A cadaver monument or transi is a type of funerary monument to a deceased person, featuring a sculpted tomb effigy of a skeleton, or of an emaciated or decomposing dead body, with closed eyes. It was particularly characteristic of the Late Middle Ages when they were designed as a memento mori to remind viewers of the transience and vanity of mortal life compared to the eternity and desirability of the Christian after-life. The format is in stark contrast to gisants, which are always recumbent, in full dress, with open eyes and hands clasped and raised in prayer.

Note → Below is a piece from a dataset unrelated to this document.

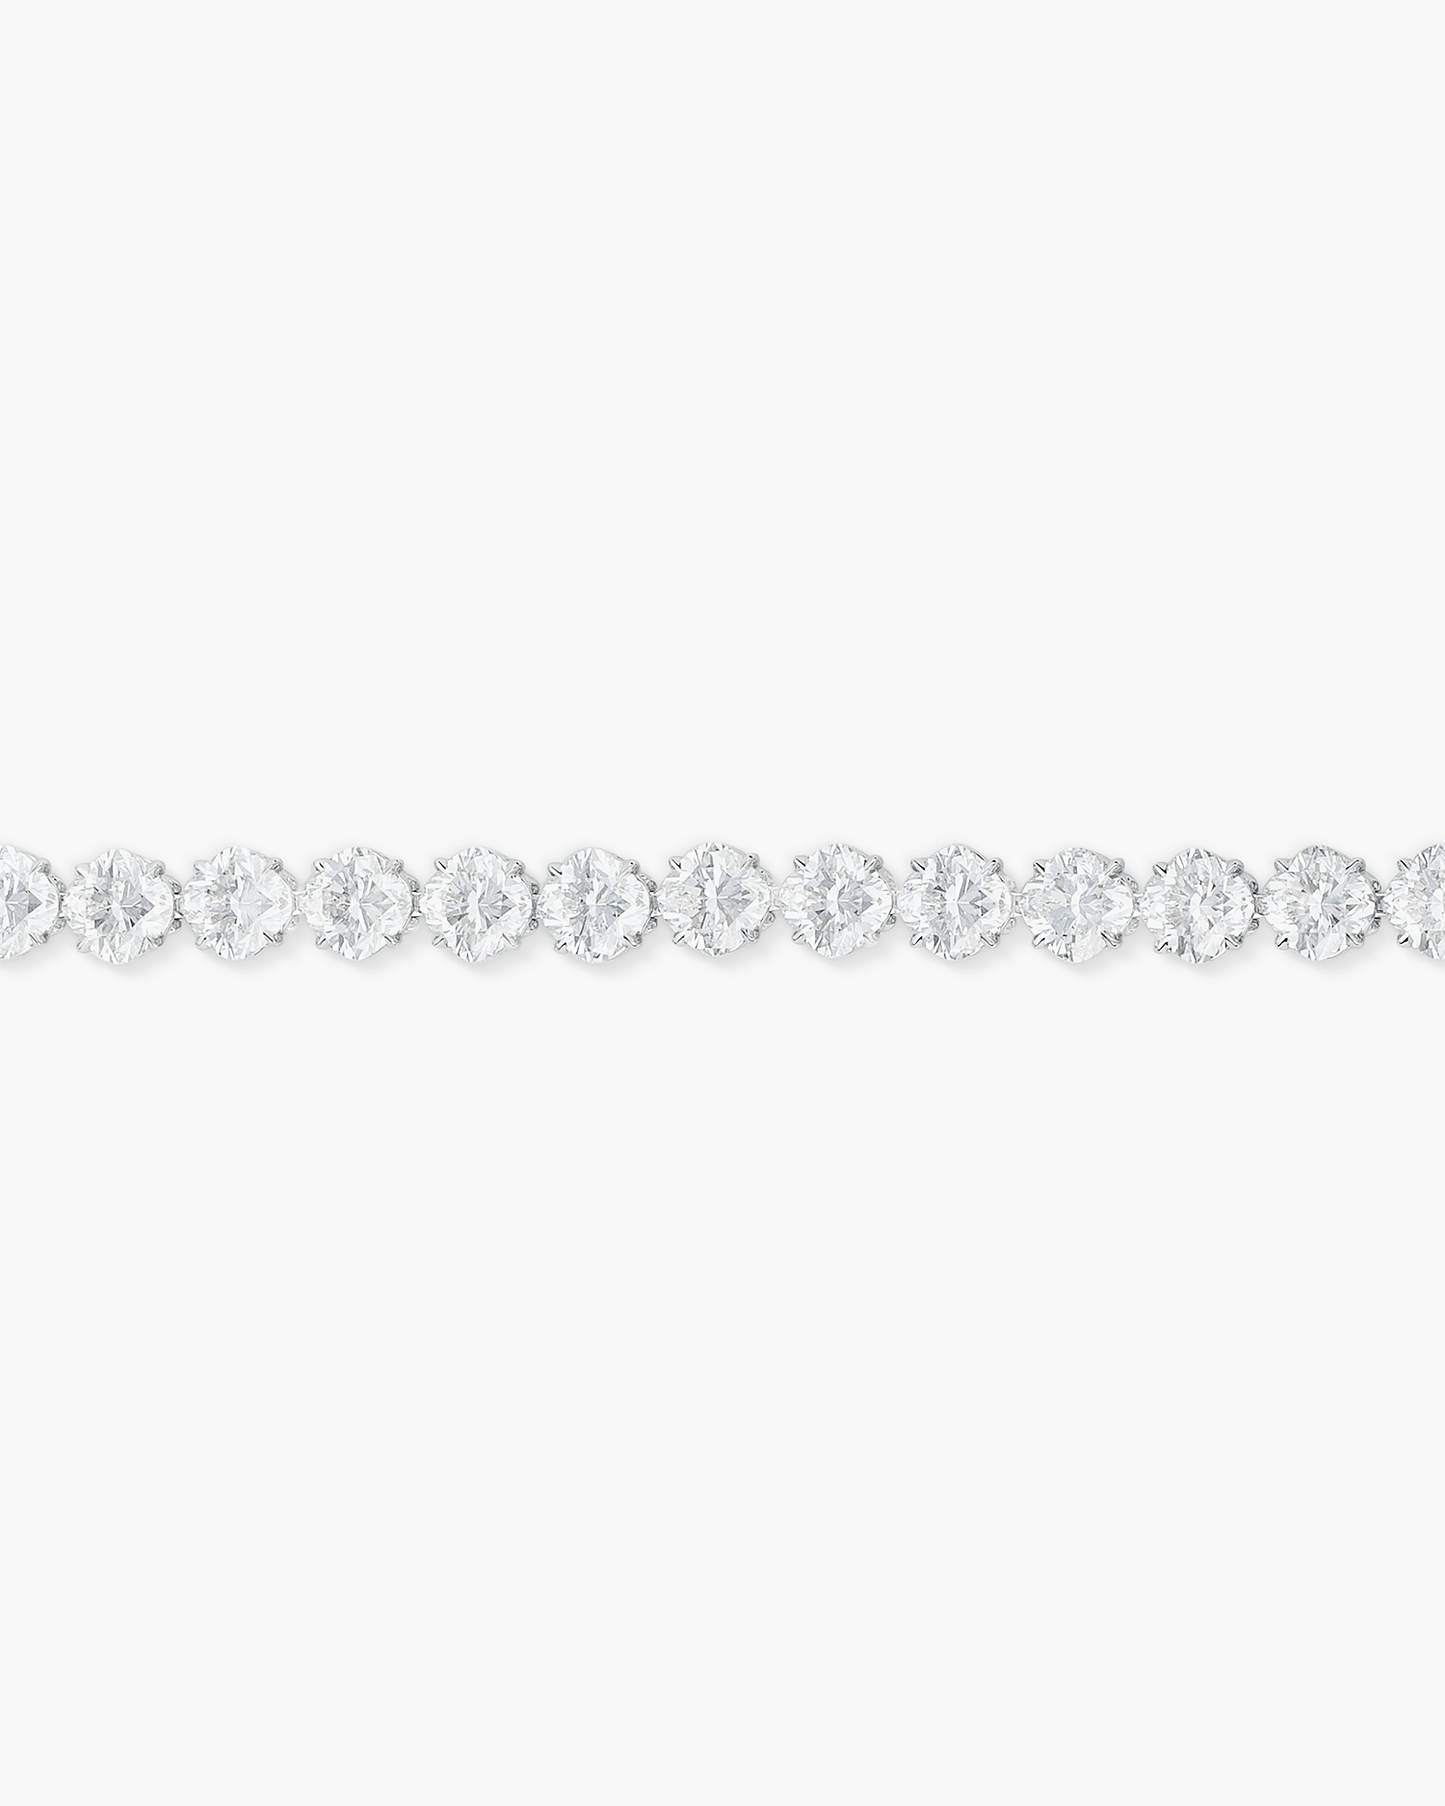 15.65 carat Cushion Cut Diamond Bracelet (0.50 carat)

Cadaver monuments first appeared in the 1380s and remained a popular form of funerary art for 200 subsequent years. In a still widely debated theory popularized by the historians Helen M. Roe and John Aberth, cadaver monuments are often interpreted as a form of memento mori or adaption of the motif of "The Three Living and the Three Dead". They show the human body's "transition" from life to decomposition, highlighting the contrast between worldly riches and elegance and the degradation of death.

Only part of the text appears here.